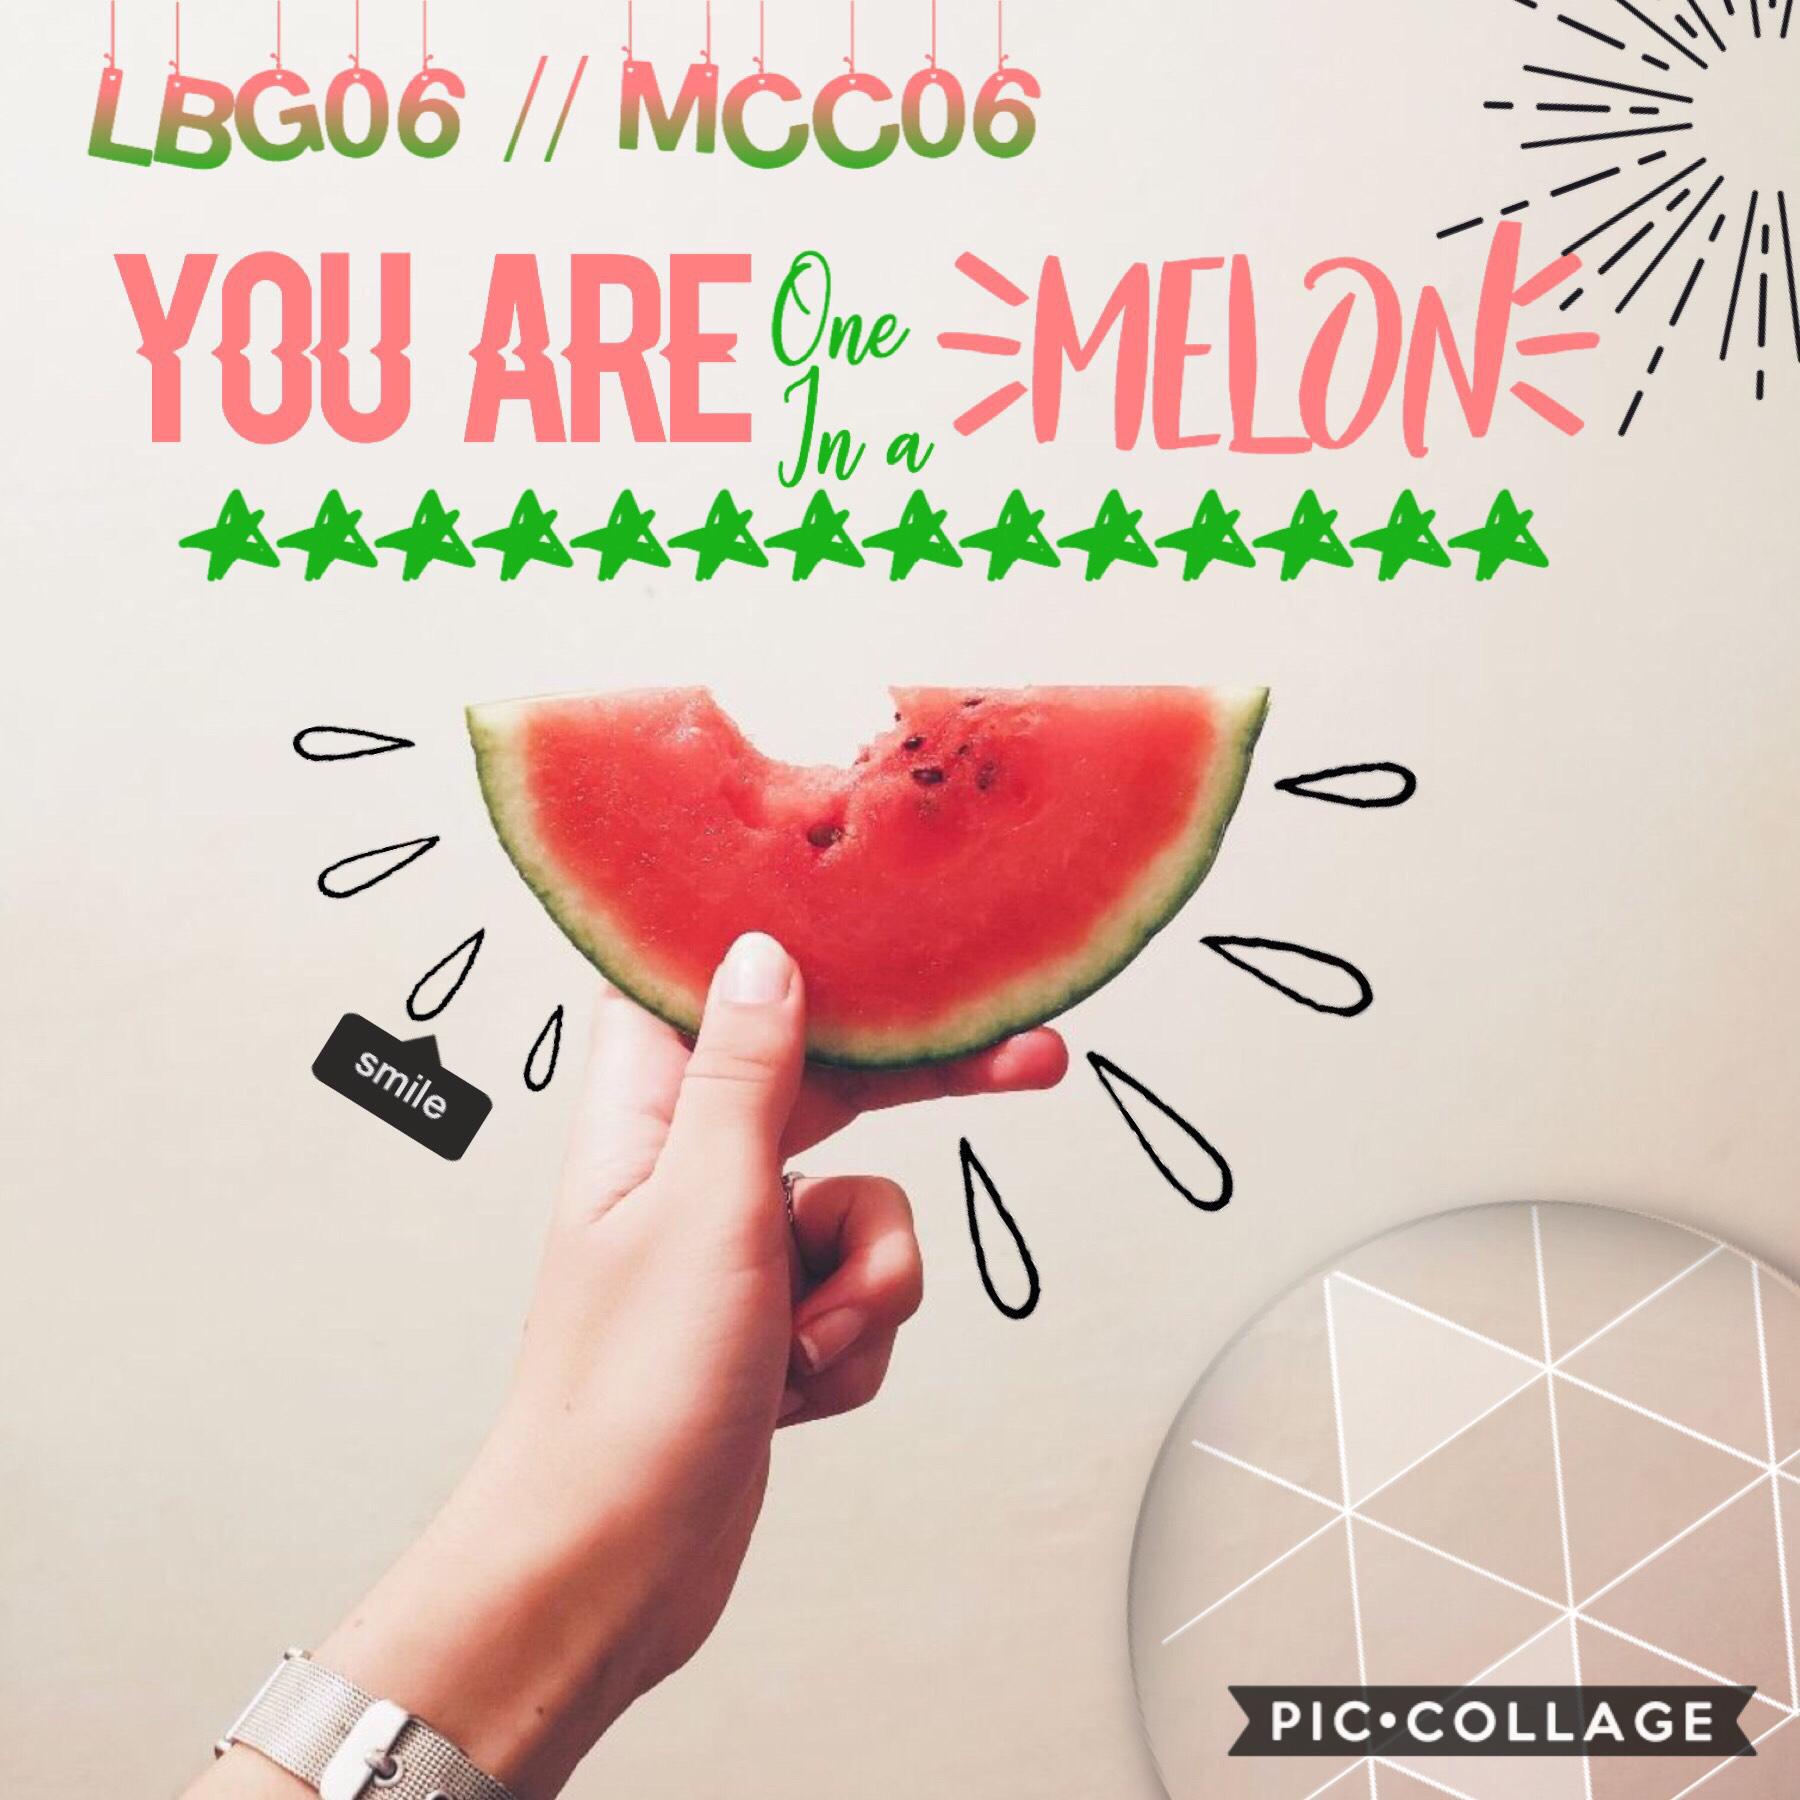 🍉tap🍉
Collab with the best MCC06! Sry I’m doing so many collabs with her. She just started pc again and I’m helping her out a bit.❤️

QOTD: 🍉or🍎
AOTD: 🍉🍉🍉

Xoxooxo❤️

WORK TO BE COMPLETED:
Each record above must be retyped exactly as given, with the images excluded.

SOLUTION FOR THIS TASK:
 🍉tap🍉
Collab with the best MCC06! Sry I’m doing so many collabs with her. She just started pc again and I’m helping her out a bit.❤️

QOTD: 🍉or🍎
AOTD: 🍉🍉🍉

Xoxooxo❤️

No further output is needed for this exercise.